Cette progression en catimini est si bien ancrée dans la méthode du Front que Mme Le Pen a refusé de participer à la prochaine émission politique de France 2 et a même interdit à sa nièce, Marion Maréchal-Le Pen, d'y participer. On voit bien ce qui anime Marine Le Pen : elle n'a pas besoin de faire une campagne tonitruante parce que le FN est probablement le premier parti de France, avec 30 % de l'électorat et que tous les sondages indiquent sa présence au second tour de la présidentielle. Tous montrent également qu'une majorité de Français lui préfèreront un candidat de la gauche ou de la droite classique et que, malgré un score impressionnant au premier tour, elle ne sera pas élue au second. Contrairement à son père, Mme Le Pen entend gouverner la France un jour. Sans doute espère-t-elle, l'an prochain, obtenir un certain nombre de sièges à l'Assemblée dans la perspective d'une victoire ultérieure.
Peur et haine
Tout récemment, « le Monde » a publié plusieurs pages dans lesquelles le journal tente de démonter les thèses du FN, un peu comme s'il voulait briser une consigne de silence qui serait profitable au parti d'extrême droite. Je remarque, pour ma part, que, depuis quelques années, on reproche moins au Front son éthique détestable que son programme économique. Lequel, effectivement, nous conduirait tous à la ruine s'il était appliqué. Il faut néanmoins continuer à le combattre sur l'essentiel, sur ce qui fait son danger spécifique, sur ce qu'il a à dire sur le plan de l'immigration, sur sa conception de l'identité nationale, sur la citoyenneté, sur la laïcité, sur les droits de la femme, sur sa dérive anti-européenne et pro-russe. La seule mention de ces sujets suffit à faire affleurer à la surface ce qui caractérise la totalité de l'entreprise lepéniste : l'intolérance. Il ne faut pas que, pour ses lubies économiques, le FN soit absous de son péché originel, à savoir ce venin de peur et de haine qu'il a inoculé à beaucoup de Français.
Mme Le Pen et ses conseillers ont bien compris ce qu'il est facile de leur reprocher. Tout simplement d'être sinistres ; de dresser du pays qu'ils prétendent vénérer un tableau si sombre qu'il désespère ; de présenter à leurs concitoyens des pronostics si pessimistes qu'on en vient à penser que la thérapeutique qu'ils proposent ne suffira pas. D'où le slogan de « la France apaisée » qui, curieusement, ne tente pas de décrire le pays comme il est aujourd'hui, mais d'annoncer un aggiornamento du FN. Nous apaiserons la France, clament haut et fort Mme Le Pen et ses amis, alors que, en réalité, ils n'ont pas cessé de contribuer à l'hystérie française avant de prétendre qu'ils en seront les meilleurs thérapeutes. Et si le Front n'est qu'un parti de droite comme les autres, pourquoi ne rejoint-il pas les Républicains ?

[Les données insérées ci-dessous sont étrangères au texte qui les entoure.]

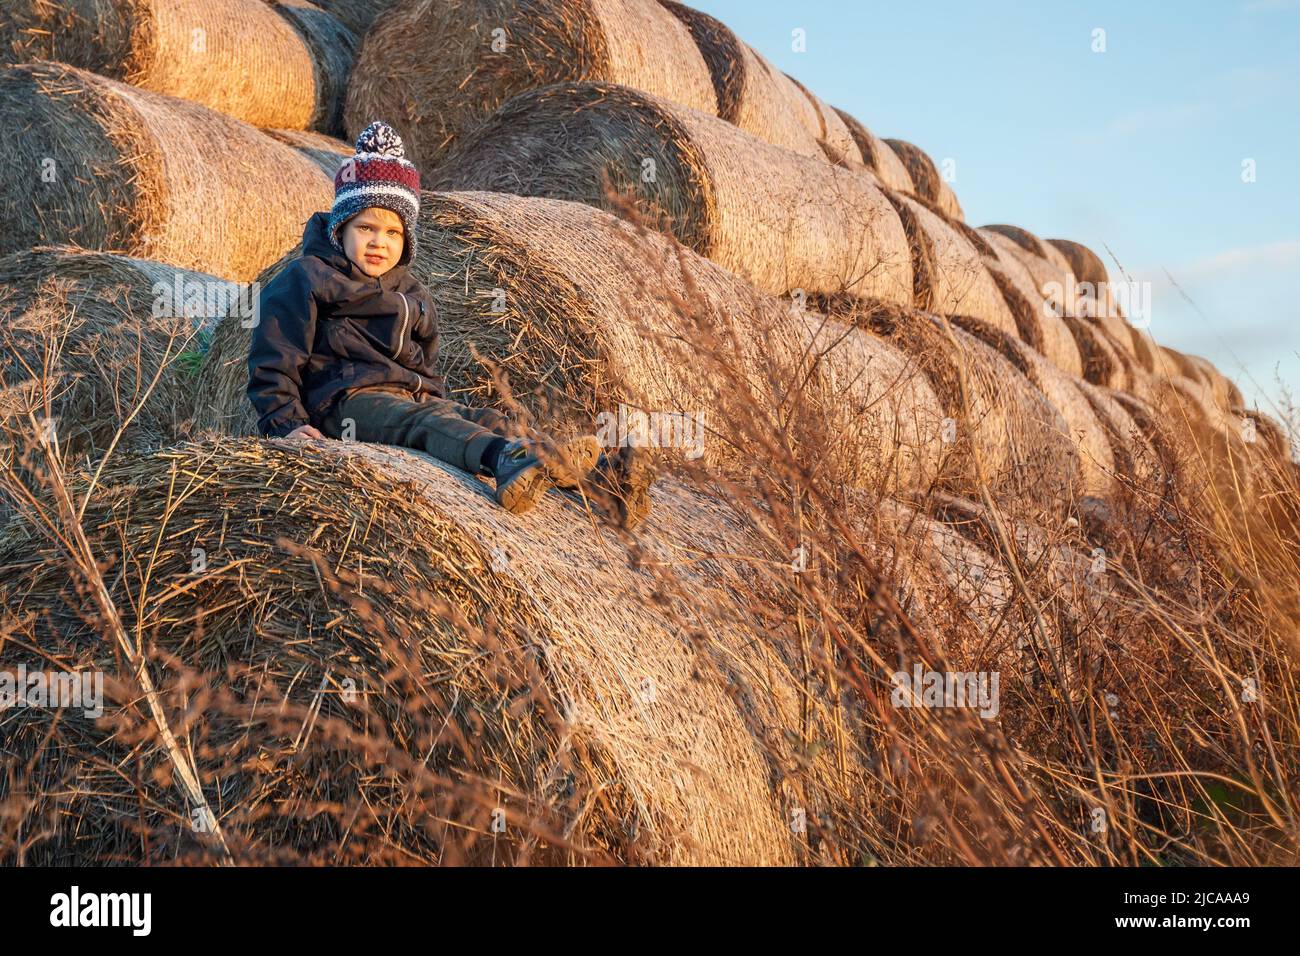 A cute little boy in autumn clothes and a knitted hat poses against a background of golden hay bales. Horizontal photo. Stock Photo

Car, non seulement leurs remèdes tueront la France avant de la guérir mais leur diagnostic est erroné. Le pays va moins mal qu'ils le disent. Certes, il a été plutôt mal géré ces dix dernières années, mais il ne manque pas d'atouts et, si le prochain exécutif consent à entreprendre les indispensables réformes socio-économiques dont nous avons besoin, nous pouvons nous en sortir. En dépit des inégalités sociales, des crises dans certains secteurs et d'une colère populaire soigneusement entretenue par la clique droite-gauche des populistes, la plupart de nos concitoyens ne sont pas malheureux et d'ailleurs, ils n'hésitent pas à le dire. Ce que je veux dire, c'est que l'état du pays n'exige pas un bouleversement tel qu'il faille recourir à l'extrême droite ou à l'extrême gauche. Il a besoin d'une réforme, pas d'un pouvoir autoritaire, pas d'une régression morale, pas d'un accès de haine tous azimuts.